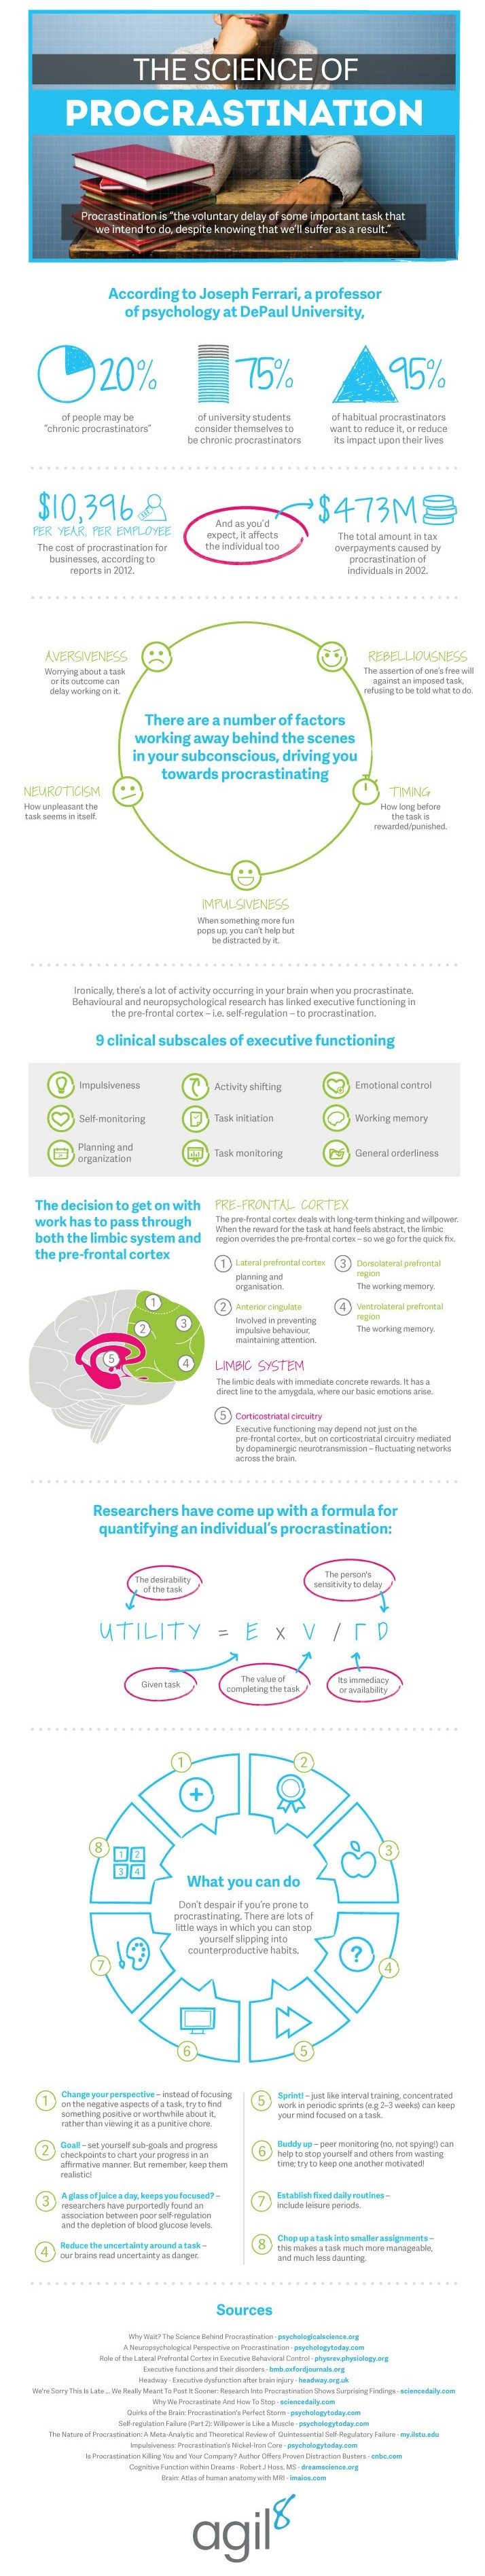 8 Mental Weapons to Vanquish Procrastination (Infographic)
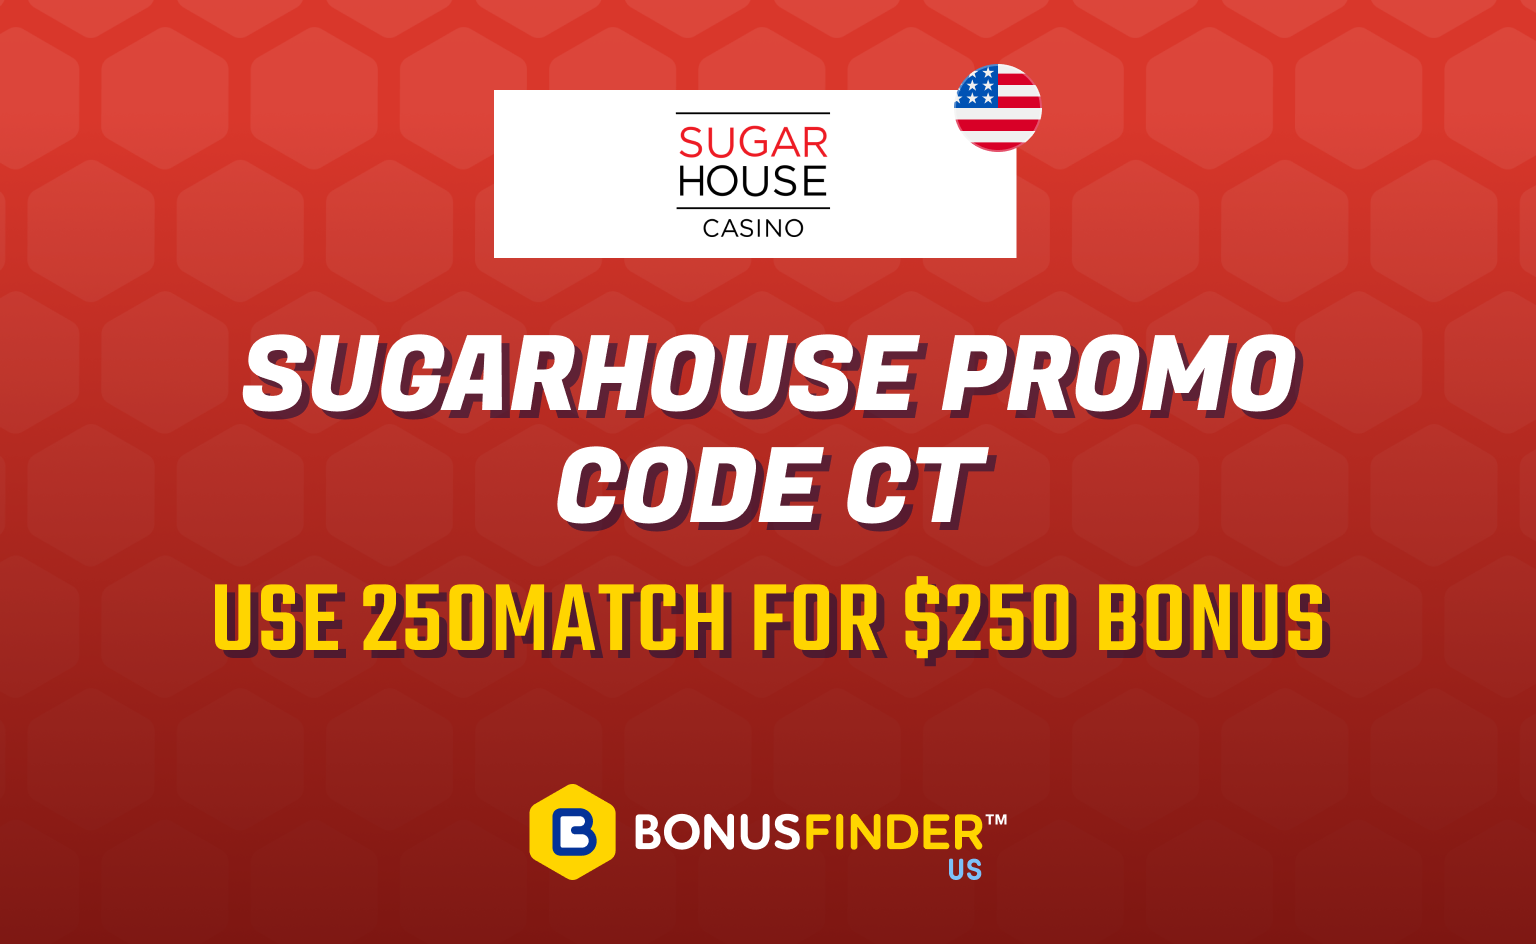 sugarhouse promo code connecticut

...

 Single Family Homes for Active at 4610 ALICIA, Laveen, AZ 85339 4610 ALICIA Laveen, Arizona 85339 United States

* _Work task_
From the entries above, copy exactly the lines starting at the one with "8 Mental Weapons" and stopping at the one with "sugarhouse promo code connecticut", keeping both ends. Drop the pictures.

* _Answer_
 8 Mental Weapons to Vanquish Procrastination (Infographic)
 sugarhouse promo code connecticut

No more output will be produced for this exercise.